Anthony Neilson's new play, The Wonderful World of Dissocia, on at the Royal Court, is an enthralling, ethereal journey. We are confronted with an Alice in Wonderland dream scape of touchstone characters (Scapegoats, Insecurity Guards and Dungaree-wearing Musketeers) that turns into a sobering tale of the desperation of chemical dependency. Neilson, something of the enfant terrible of British theatre (although not quite to the degree he thinks) offers a witty, genuinely comedic script that lures the viewer into believing - and enjoying - the fantastical world of Dissocia, before forwarding a jarring, bleach-white vision of medical rehabilitation. Christine Entwisle is superb in the lead role as Lisa. This is a genuinely different take on what theatre should aim to achieve. And with Mendes announcing he will direct an uninspiring trio of plays at the Old Vic - Hamlet and The Cherry Orchard among them - Neilson reminds us that there are alternatives.

Sunday 1 April 2007

The Ties That Bind

Those with a mere £15 to spend and a spare couple of hours should head to The Royal Court before April 7 to see Lucy Caldwell's arresting play Leaves. Set against the backdrop of The Troubles the play deals with the sense of shock, anger, confusion and isolation caused by a family suicide attempt.

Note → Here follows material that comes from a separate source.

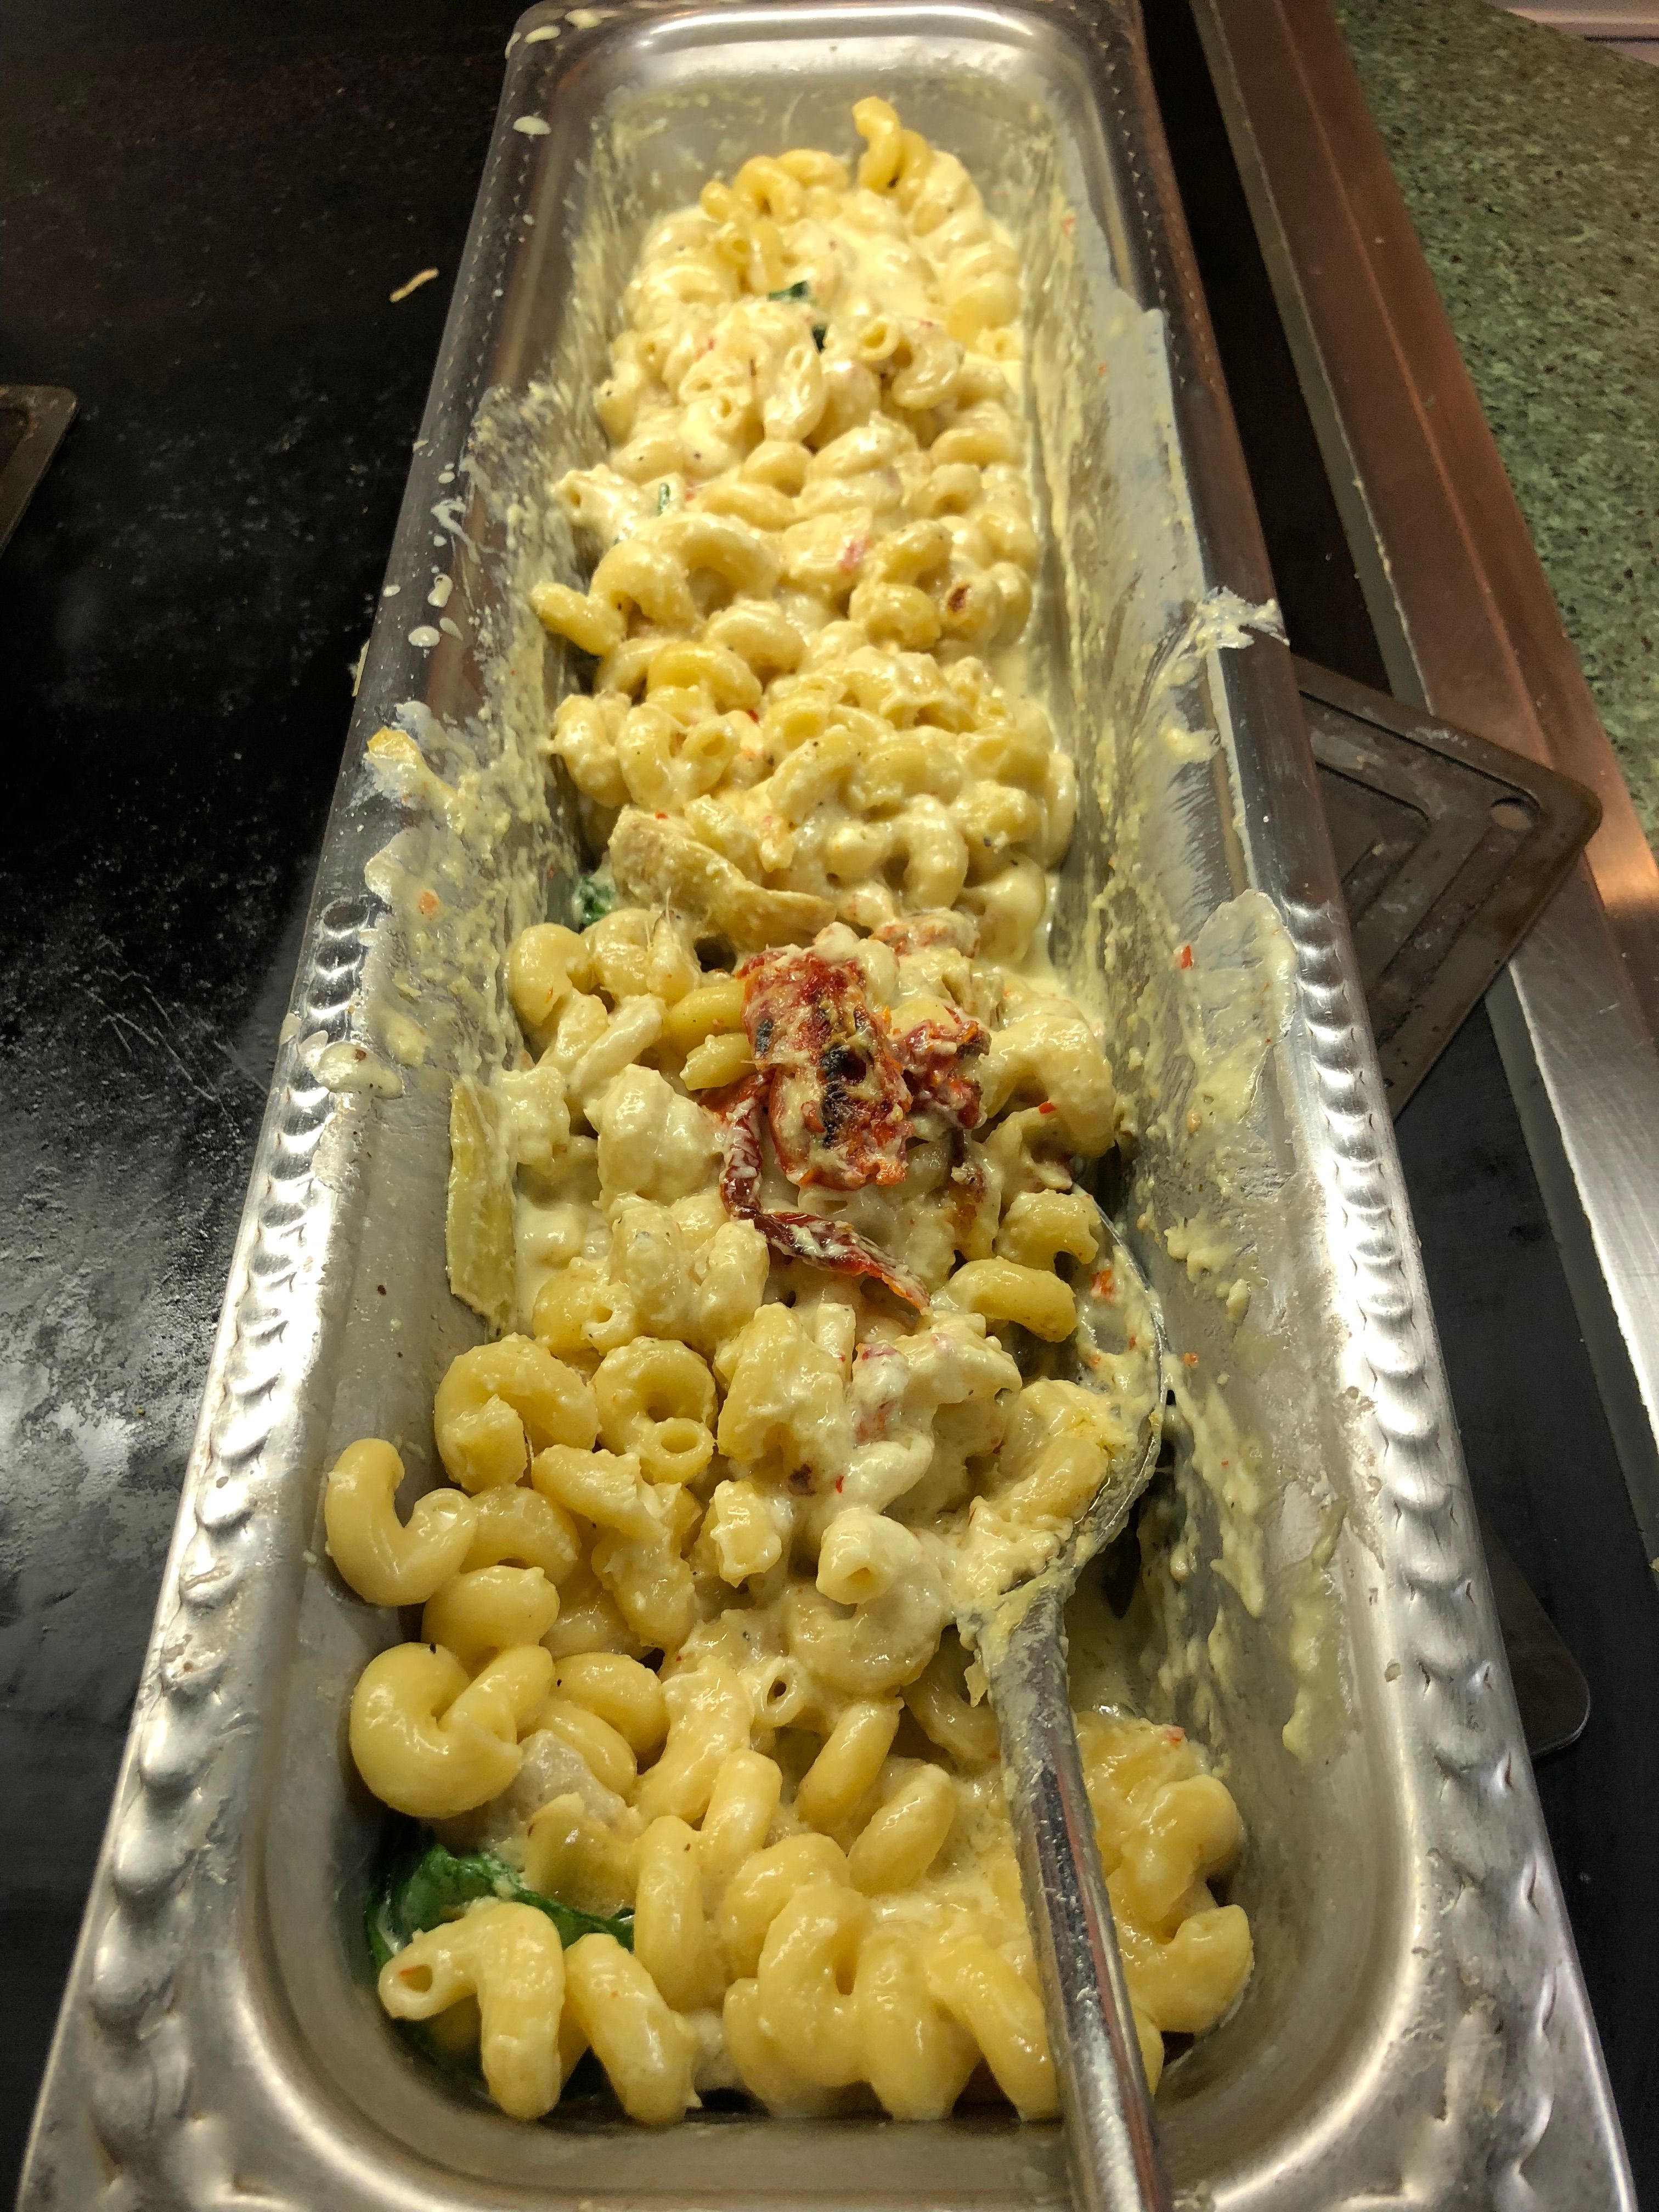 Macoroni and cheese Lunch Buffet in Walt Disney World at Crystal Palace!.jpg
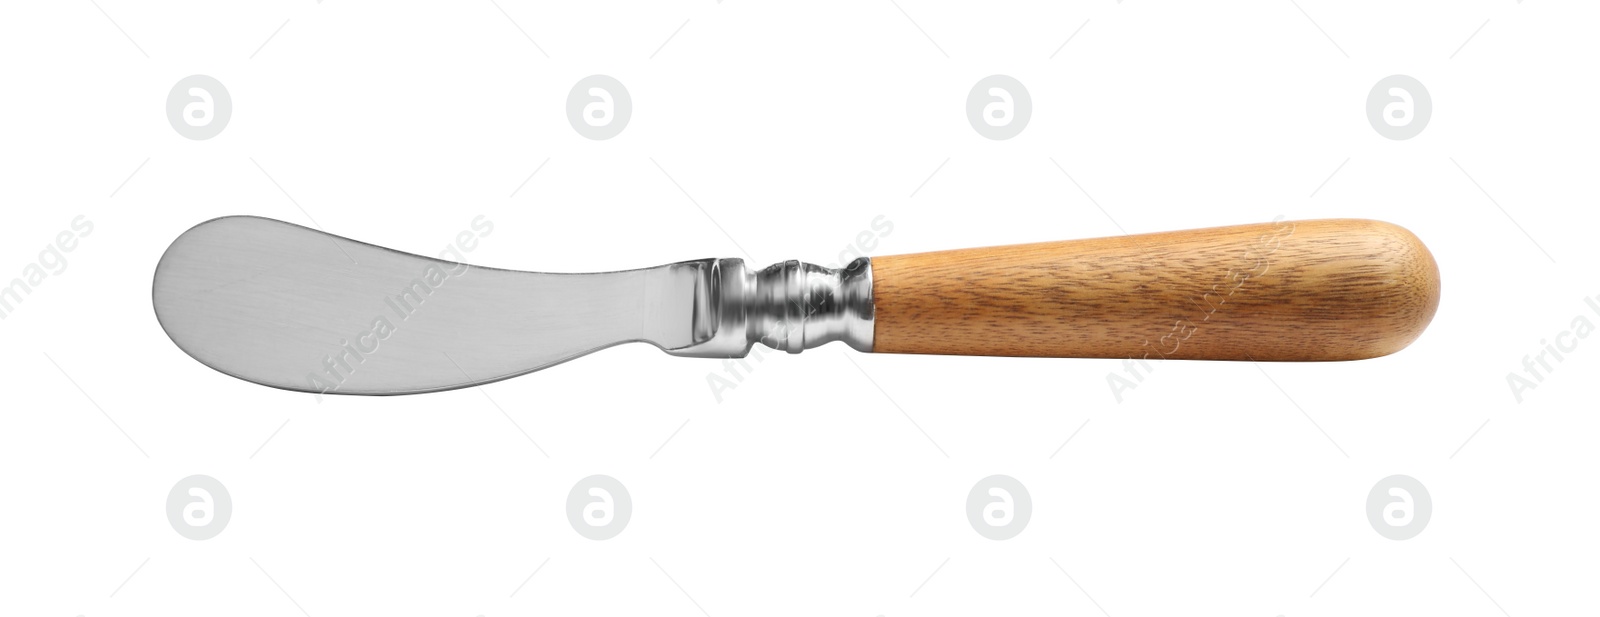 Photo of Soft cheese knife with wooden handle isolated on white

Unanswered questions and the confusing twist of cause and effect combine with touches of humour to create a deeply privileged insight into the darker side of being a family that we all recognise. Caldwell's first play bodes well for the future.

Kings Indeed


Funny thing cultural relativism. It's the greasy fuel that lightens up the dullest of chatter on the tube or down the pub. One man's Dark Side of the Moon is another's Blood on the Tracks. But once in a while an album comes along which makes a nonsense of such equivocation. Jump over hedges and run through walls to find your nearest copy of Kings Of Leon Because of the Times dear readers. It is an album of such breadth and scope, such ambition and soul, that it runs the risk of you dumping the rest of your record collection in the (cyber) bin and just sitting in a dark room listening to it for a very long time indeed. Stand out tracks include Knocked Up, Fans and The Runner. But then most of the tracks are pretty standout to be honest. Musical fresh air for Spring.